1

La maison, ce lieu de vie où l’on passe, où l’on repasse,
où l’on s’arrête, où il fait bon être. Cette chaleur, ces vapeurs,
ces odeurs qui nous étourdissent. Un mot, des mots, des cascades de rires, des pleurs aussi, une accolade et de la chaleur encore. On oublie, on s’oublie, on se blottie et très vite
on est reparti pour mieux revenir.


La maison, par ses couleurs, par les déclinaisons rythmiques de l’espace, par sa respiration, ce lieu de vie trahit les hôtes qui se dénudent au regard de l’étranger, celui que
l’on invite, que l’on incite, que l’on quitte.


La maison,
que l’on ouvre comme une offrande visuelle,
une porte entrebâillée sur une intimité latine colorée de pudeur, teintée de parfums épicés, de paroles chuchotées et de quelques récits de nos grands-mères au libertinage amnésique.

La maison,
lieu du secret, du non-dit et de cette culpabilité qui nous vient d’un dehors, d’un ailleurs et d’un au-delà, sera
t-on lesquels, obsessionnelle à souhait mais qui nous lâchera
un jour et pour toujours.

La maison,
des détails de sa vie que l’on offre à l’autre,
aux autres, comme une histoire que l’on raconte.
Comme un parcours visuel, comme des images, comme des chemins multiples à choisir. A chacun sa propre musicalité chromatique et sonore.

2

La maison,
des détails de sa vie que l’on s’offre à soi-même.
Livre ouvert sur hier et avant-hier.
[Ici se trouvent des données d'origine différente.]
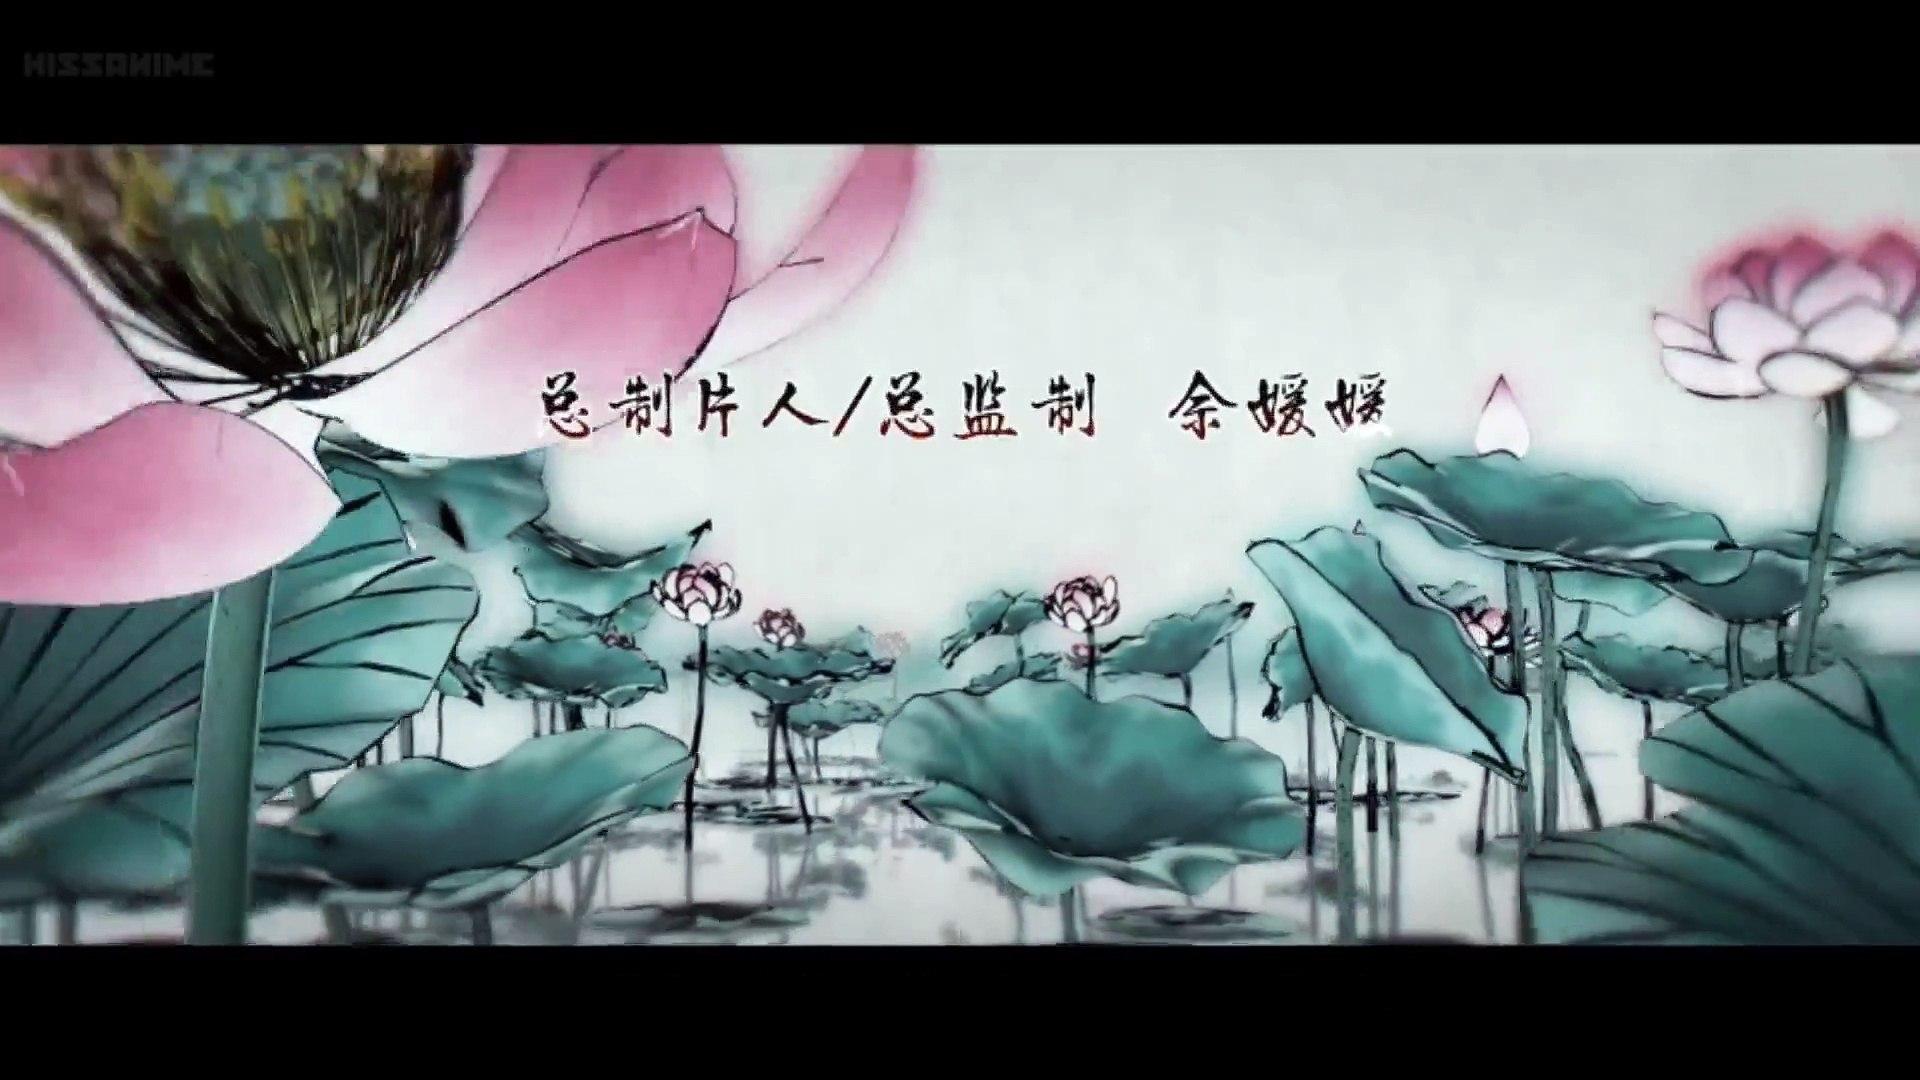 Mo Dao Zu Shi [魔道祖师)] (Grandmaster of Demonic Cultivation) Opening -  Drunken Dream of the Past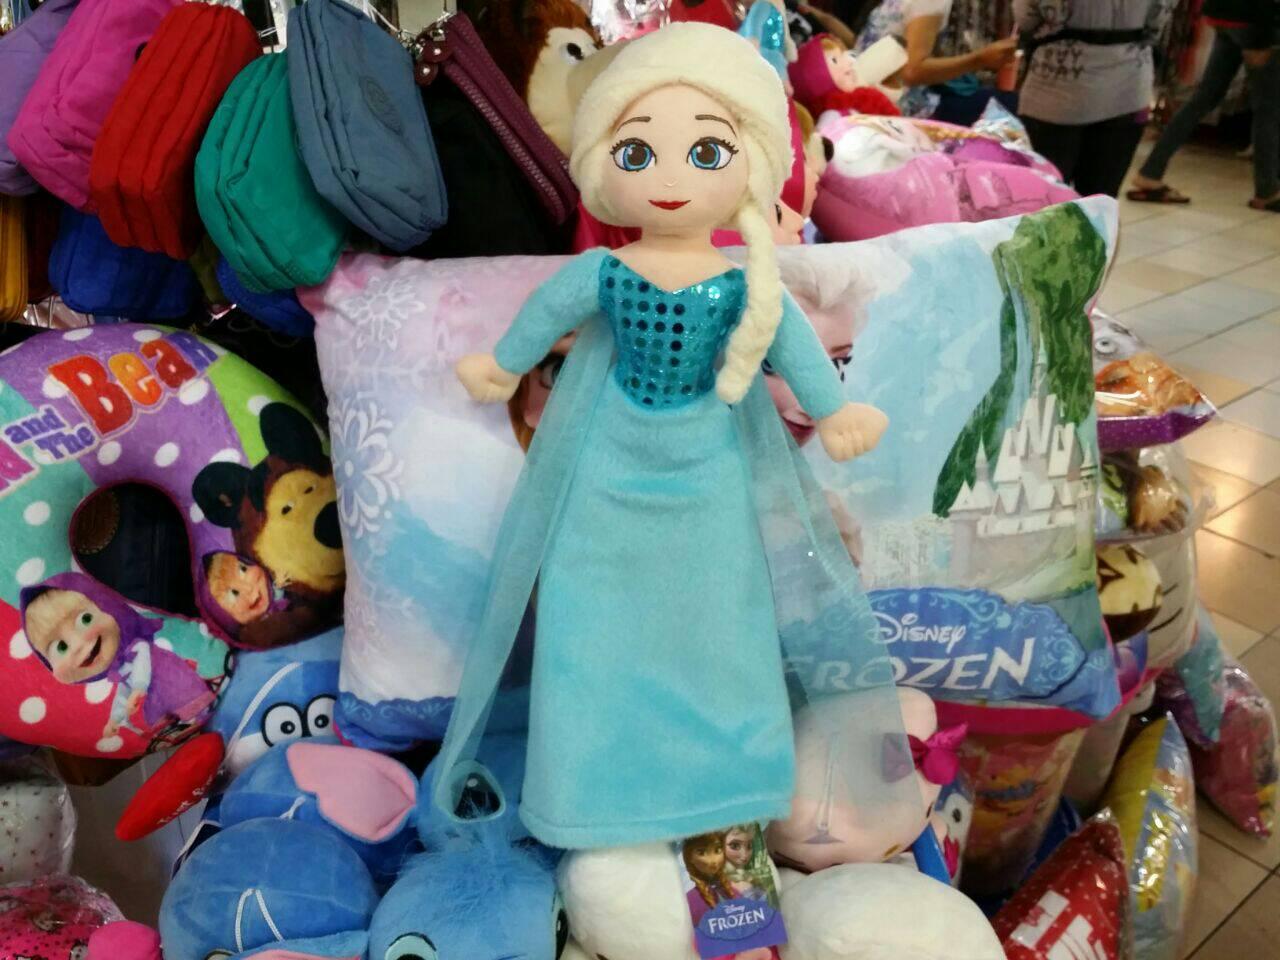 Jual My Boneka Elsa Frozen Original from Disney - AGIN ONLINE ... e4b5a312d0

Un objet, une couleur que l’on ne voit plus et qui un jour nous interpellent on ne sait pourquoi.
Le détail comme stimulus.
Le détail déclenche le décor et le scénario refoulés. Le décor devient trace mentale et empreinte sur de la terre mouillée. Source de sensations et d’émotions sensuelles.

La maison,
comme lieu de vie, comme amour qui se décline photographiquement, du négatif au positif, du noir et blanc à
la couleur, du mat au brillant. Révélateur d’une naissance.
Un travail de couture, un fil qui se tisse à quatre mains,
qui s’emmêle pour mieux se démêler et s’entrelacer.

La maison,
comme la sienne, sa propre maison avec
sa différence, sa propre décoration, ses choix, ses harmonies,
ses contrastes et ses couleurs qui donnent un sens, du sens
à sa propre vie.
La décoration
comme carte d’identité.
La décoration
comme des cartes à jouer que l’on peut mélanger à souhait juste comme ça, parce que c’est dimanche et pas
un autre jour. La décoration comme un puzzle, où l’objet trouve
sa place parce que c’est la sienne et pas une autre.
Des objets bavards, taquins qui nous regardent droit dans
les yeux rien que pour nous revêtir de notre présent …
Et faire quelques pas vers la poésie de l’espace.